상기 SSR은 결과 값으로 태그간의 유사도 값인 2차원 행렬 S_A를 만들어낸다. 이 때, 상기 S_A의 크기는 N_A × N_A 이며, 여기서 N_A는 태그의 개수이다. The SSR generates a two-dimensional matrix S _A which is a similarity value between tags as a result value. At this time, the size of S _A is N _A × N _A , where N _A is the number of tags.

만약, 페이지 P와 Q가 있고 각각 [t₁,t₂,...,t_n] , [u₁,u₂,...,u_m]를 태그로 가진다고 하자. SSR을 사용하여 상기 두 페이지간의 유사도는 P와 Q가 가진 각각의 태그간의 유사도를 모두 합한 것과 같은데 하기의 수학식 1과 같이 표현될 수 있다.Suppose you have pages P and Q, and you have [t ₁ , t ₂ , ..., t _n ], [u ₁ , u ₂ , ..., u _m ] as tags.

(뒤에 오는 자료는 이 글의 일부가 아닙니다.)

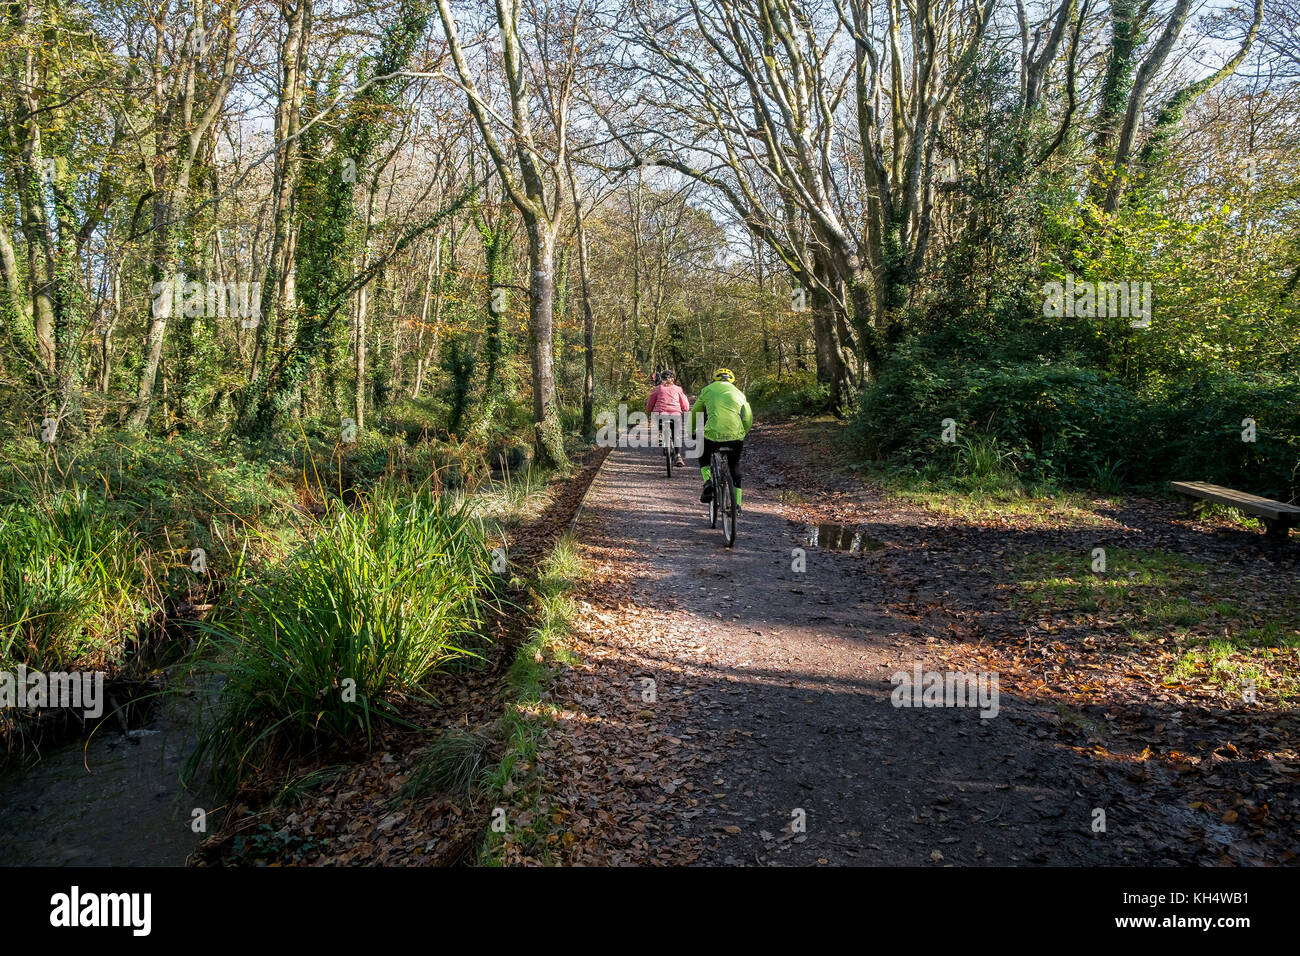 Cyclistes sur une piste dans un parc régional Tehidy de Cornwall au Royaume-Uni. Banque D'Images

The similarity between the two pages using SSR is equal to the sum of the similarities between the respective tags of P and Q, which can be expressed by Equation 1 below.

상기와 같이 유사도를 매우 쉽게 계산할 수 있지만, 상기 방법은 문제가 있다. 태그는 사람이 일상에서 사용하는 단어로 여러 가지 의미를 가질 수 있다. 따라서 하나의 태그가 다른 어떤 태그와 사용되었느냐에 따라 완전히 다른 의미를 가질 수 있다. 그렇지만 SSR은 의미가 달라질 수도 있다는 것은 고려하지 않고 계산하여 태그의 실제적인 의미를 파악하지 못하고 웹 페이지간의 유사도를 계산한다.Although the similarity can be calculated very easily as above, the method is problematic. Tags are words that people use in everyday life and can have many meanings. Therefore, one tag can have a completely different meaning depending on what other tag is used. However, SSR calculates the similarity between web pages without considering the actual meaning of the tag without considering that the meaning may be different.

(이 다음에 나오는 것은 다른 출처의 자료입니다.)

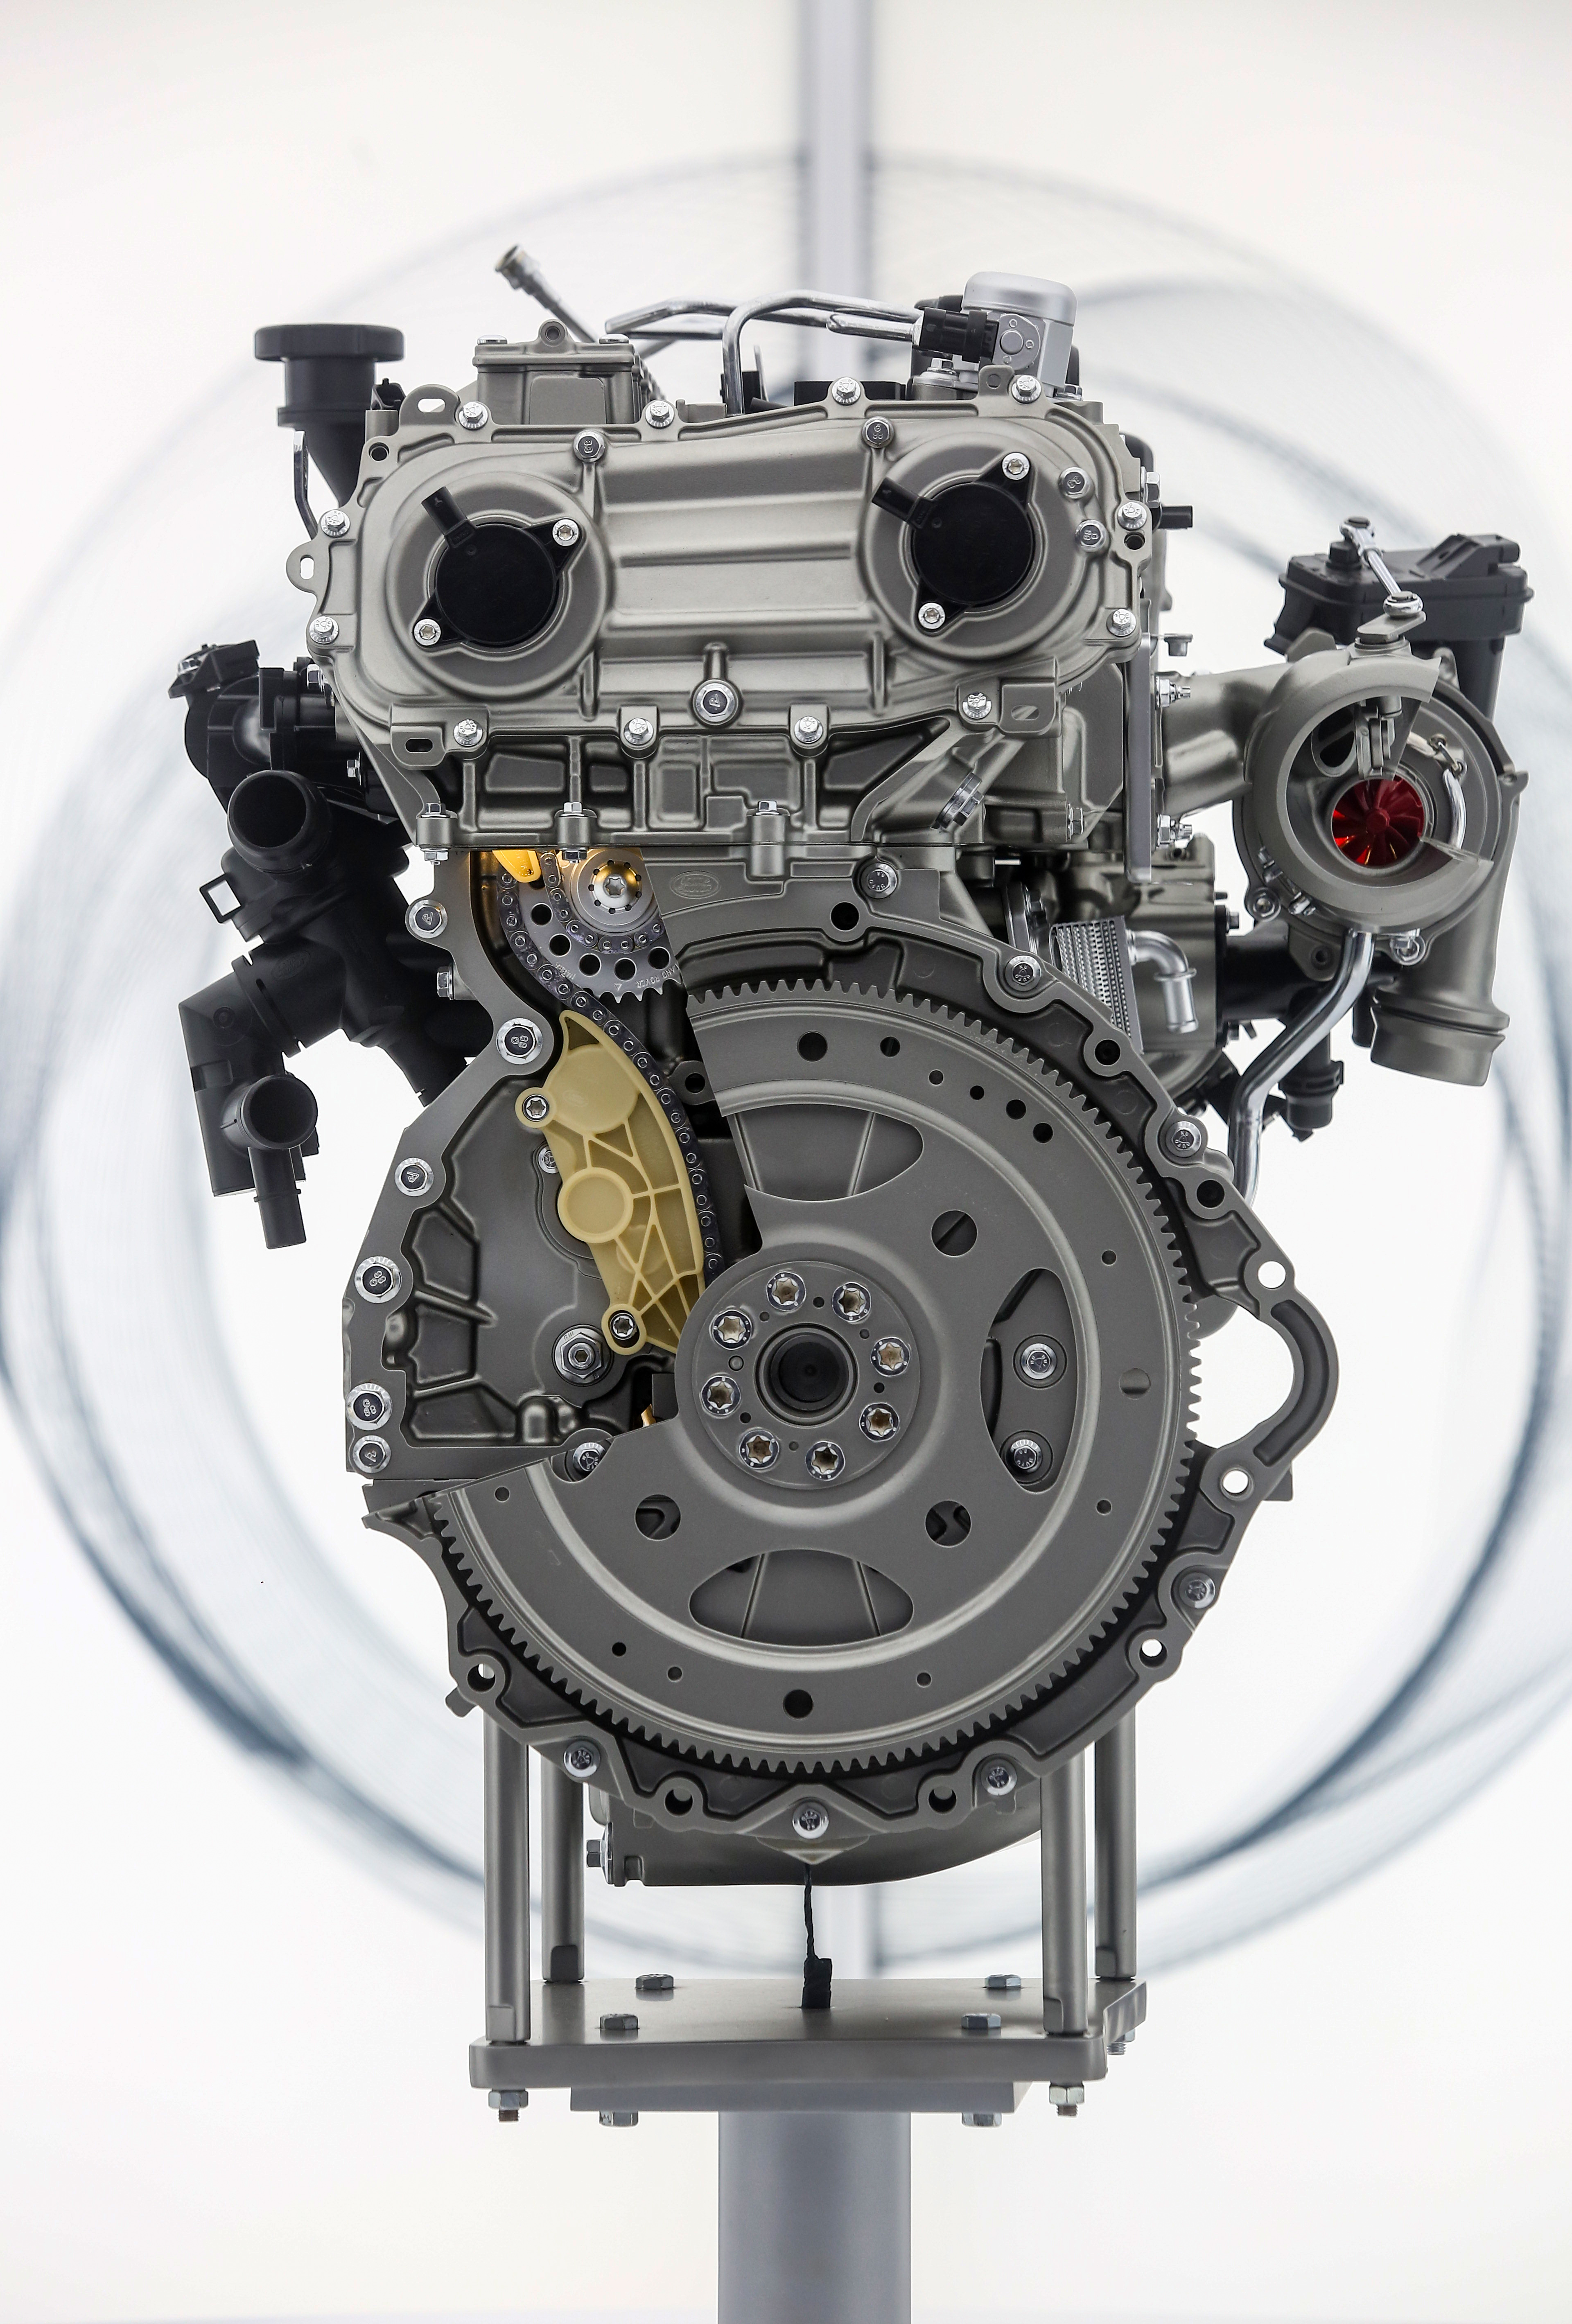 全新Ingenium2.0升四缸发动机搭载于捷豹XFL、路虎揽胜极光、路虎发现神行三款焕“芯”一代车型

예를 들어 [java, programming]과 [java, travel]을 태그로 가진 두 페이지의 유사도를 측정한다고 하자. 이 때, 전자에서 'java'는 프로그래밍에서의 자바로 사용되었고 후자에서는 자바 섬 여행의 의미로 사용되었다. 하지만 SSR을 사용하면 S_A(java, java) + S_A(java, travel) + S_A(programming, java) + S_A(programming, travel)의 값이 최종 유사도가 된다. For example, suppose you measure the similarity between two pages tagged with [java, programming] and [java, travel]. In the former, 'java' was used as Java in programming, and the latter was used to mean Java island travel. However, with SSR, the value of S _A (java, java) + S _A (java, travel) + S _A (programming, java) + S _A (programming, travel) is the final similarity.

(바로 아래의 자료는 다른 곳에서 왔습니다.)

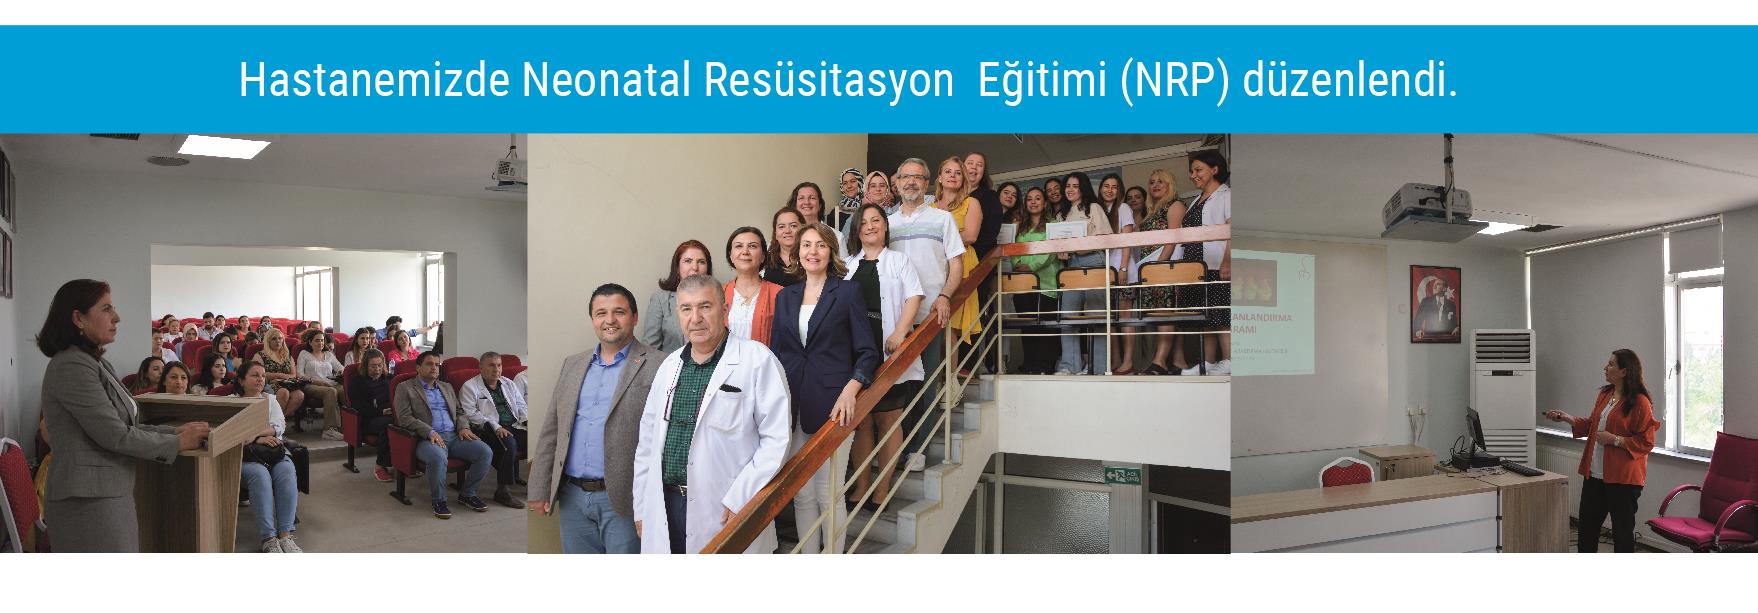 Hastanemizde Neonatal Resüsitasyon  Eğitimi (NRP) düzenlendi

[java, java]와 [programming, java]는 서로 매우 유사한 태그라고 판단될 수 있어 높은 유사도를 나타낼 수 있고 [programming, travel]은 전혀 연관되지 않은 태그하 유사도가 0에 가까운 값을 가질 것이다. 하지만 위의 덧셈을 계산하게 되면 최종적으로 0에 가까운 값이 아닌 두 페이지가 유사하다고 판단될 가능성이 높다. [java, java] and [programming, java] can be judged to be very similar tags, and thus can exhibit high similarity, and [programming, travel] will have a value close to zero under similarity that is not related at all. However, if you calculate the addition above, it is likely that two pages that are not near zero will be similar.

SSR은 위에서 사용된 'java'가 'programming'과 관련된 것인지 아니면 'travel'과 관련된 것인지를 판단하지 못하므로 결국 페이지간의 유사도는 정확하지 않을 가능성이 높고, 태그를 이용하는 기존의 웹 페이지 유사도 측정방법들은 태그 간의 상호관계를 전혀 고려하지 않았기 때문에 다의어 태그의 경우 어떤 의미로 사용되었는지 파악하기 어렵고, 따라서 올바르지 않은 비교 결과 값을 나타낼 수 있다는 문제점이 있다.Since SSR cannot determine whether 'java' used above is related to 'programming' or 'travel', the similarity between pages is likely to be inaccurate. Since the interrelationship between the tags is not considered at all, it is difficult to understand the meaning of the multilingual tag, and thus, an incorrect comparison result may be displayed.

상기한 바와 같이 태그를 이용하는 기존의 웹 페이지 유사도 측정방법들은 여러 가지의 뜻을 가지는 다의어(多義語)가 태그로 사용되었을 경우, 웹 페이지간의 유사도가 올바르게 측정되지 않을 수 있다.As described above, existing web page similarity measuring methods using a tag may not measure the similarity between web pages correctly when a multiword having various meanings is used as a tag.

다의어 태그는 어떤 태그들과 같이 사용되었느냐에 따라 다른 의미를 가질 수 있는데, 이러한 상황을 고려하지 않음으로써 유사하지 않은 웹 페이지들이 유사한 페이지로 판단되는 문제가 발생하게 되는바, 본 발명은 이러한 다의어에 대한 유사판단을 태그를 이용하여 효율을 향상시키는데 그 목적이 있다.The multilingual tag may have different meanings depending on which tags are used together. By not considering such a situation, a problem arises in that dissimilar web pages are determined to be similar pages. The purpose of this method is to improve efficiency by using a tag for similar judgment.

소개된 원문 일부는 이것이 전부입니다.